Douglas Michael Ford Sr. (born Douglas Michael Fortunato; August 6, 1922 – May 14, 2018) was an American professional golfer and two-time major golf champion. Ford turned professional in 1949, later going on to win the 1955 PGA Championship and the 1957 Masters Tournament. He was also a member of four Ryder Cup teams (1955, 1957, 1959, and 1961) and was inducted into the World Golf Hall of Fame in 2011.

Biography
Ford was born in West Haven, Connecticut on August 6, 1922. During World War II, he served in the Coast Guard Air Division. He turned professional in 1949 and won for the first time in 1952 at the Jacksonville Open.
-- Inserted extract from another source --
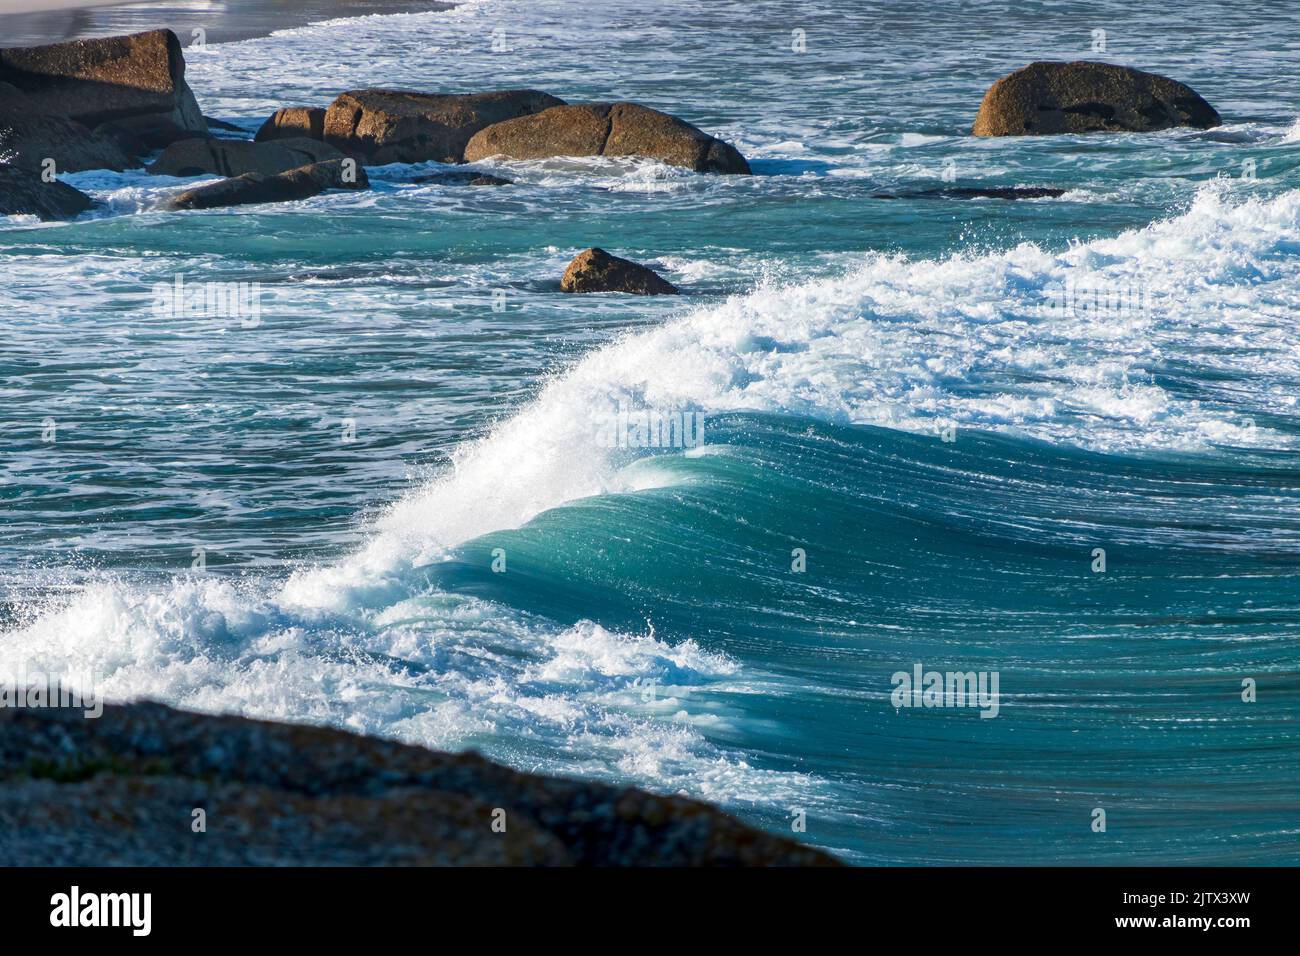 White sea foam on the coastal waves of the Atlantic Ocean. South Africa Stock Photo

The win in Jacksonville was an unusual one. At the end of regulation play, Ford and Sam Snead were tied for the lead. An 18-hole playoff was scheduled for the next day but rather than play, Snead forfeited. The forfeit stemmed from a ruling Snead received during the tournament's second round of play. On the 10th hole, Snead's drive landed behind an out-of-bounds stake. While Chick Harbert, who was playing with Snead, thought the ball was out-of-bounds, a rules official ruled differently due to the starter not telling players the stakes had been moved since the previous day's play had ended. Afterwards, Snead explained why he forfeited even though Ford suggested they play sudden-death for the title. "I want to be fair about it. I don't want anyone to think I took advantage of the ruling."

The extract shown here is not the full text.